Most landlords to be limited companies by April

Using a limited company will become standard operating procedure for most buy-to-let landlords from April 2017, despite them not using the incorporated structure today.

More than 54% of such investors told Mortgage for Business (MfB) they would incorporate in future -- even though two-thirds aren’t ‘Ltd’ currently. At least 15% will keep buying personally.

Some of this latter group know that they might be hit with higher tax bills, as being a company is the “only way” to keep fully deducting mortgage costs against rental income from April, IFA Contractor Money has pointed out.

An additional 15% of the MfB respondents face higher tax bills too, because although they plan to use one of three ‘Ltd’ workarounds to the relief clawback, they will still buy property as individuals as well.

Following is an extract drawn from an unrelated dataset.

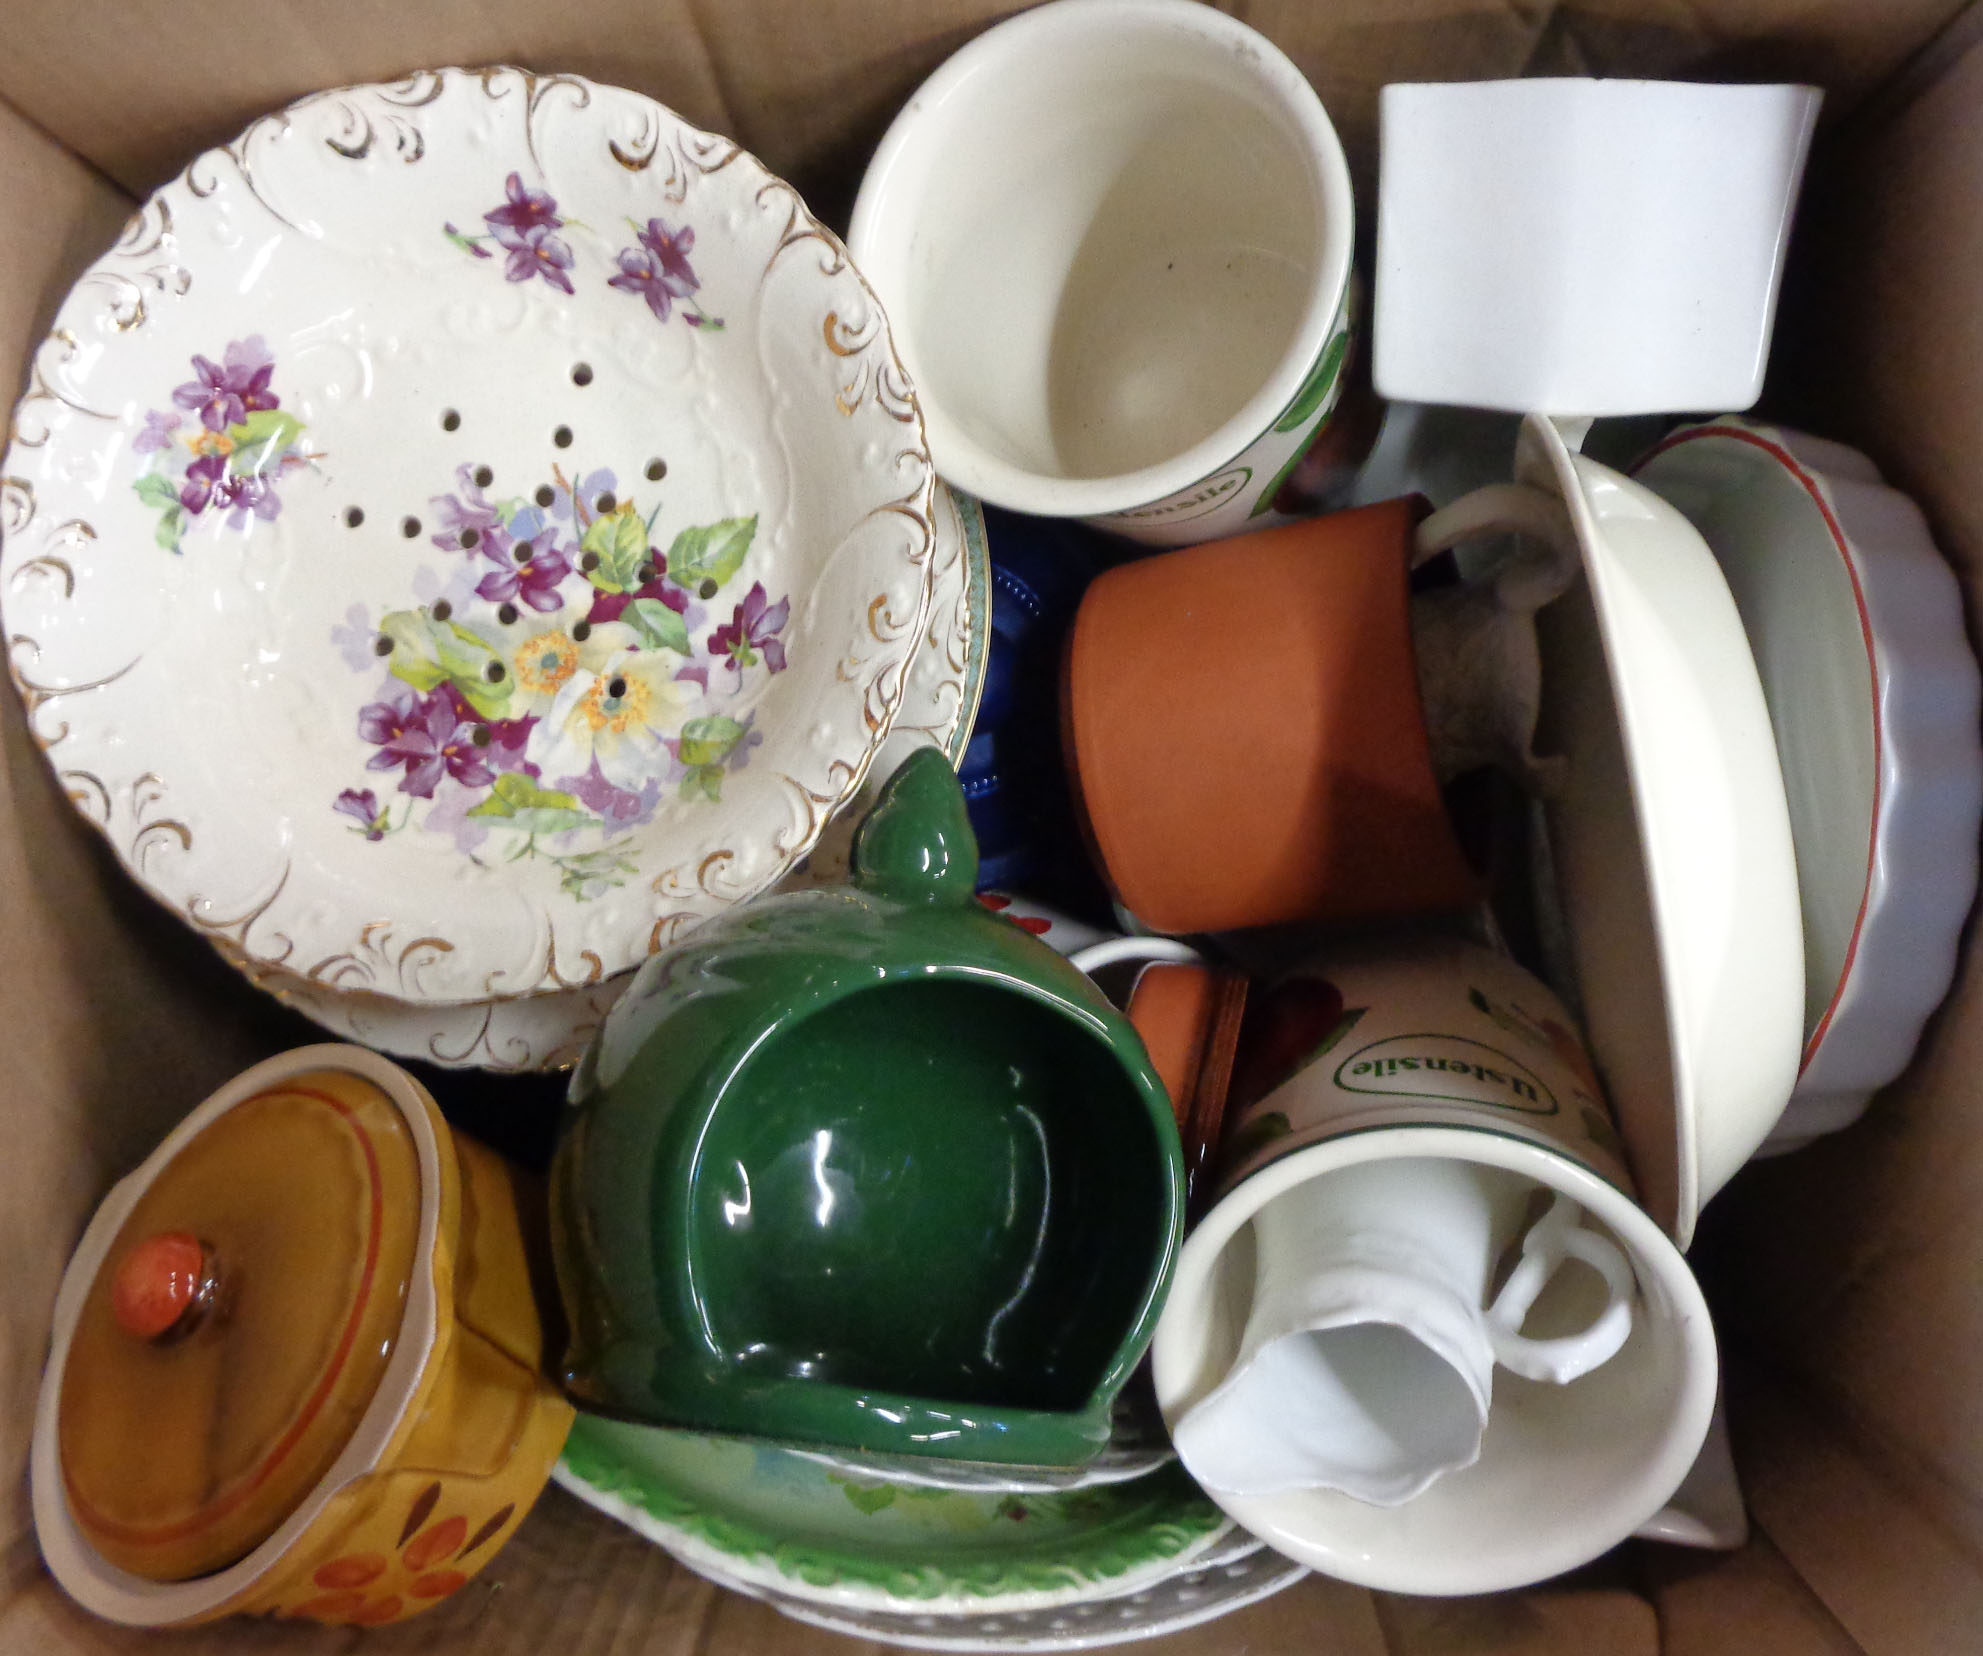 A box containing assorted china including plates, comport, ramekins, etc.

Nevertheless, the bulk of landlords are now “approaching their investments intelligently” to “maximise their returns”, said MfB’s David Whittaker, referring to the 54% who will incorporate to bypass the April rule change.

He added that the proportion of purchase applications -- as measured by the broker -- made through limited company structures climbed to a record 69% in the last three months of 2016.

This represents a substantial jump on the 21% of applications made through ‘Ltds’ before the changes to mortgage tax relief rules were made by George Osborne in the Summer Budget in July 2016.

Yet despite the significant uptick in the number of purchase applications made via limited companies, the amount of products and lenders catering for them has remained flat.

Between Q3 and Q4 2016, the number of lenders offering products to limited companies stayed at 14, even though the number of products available over the period to such companies rose slightly to 198.

But almost seven in ten of the respondents said lenders were still failing to do enough to support them, which the lion’s share said could be shown if lenders relaxed their borrowing criteria.

Since January 1st 2017 however, buy-to-let lenders have been obliged to tighten their affordability calculations in recognition of the increased tax burden being imposed on landlords borrowing personally.

This tightening will affect 60% of the buy-to-let landlords; precisely the same proportion who stand to be affected by the relief clawback, which will be phased in from the same month that second property purchasers will be hit by higher stamp duty.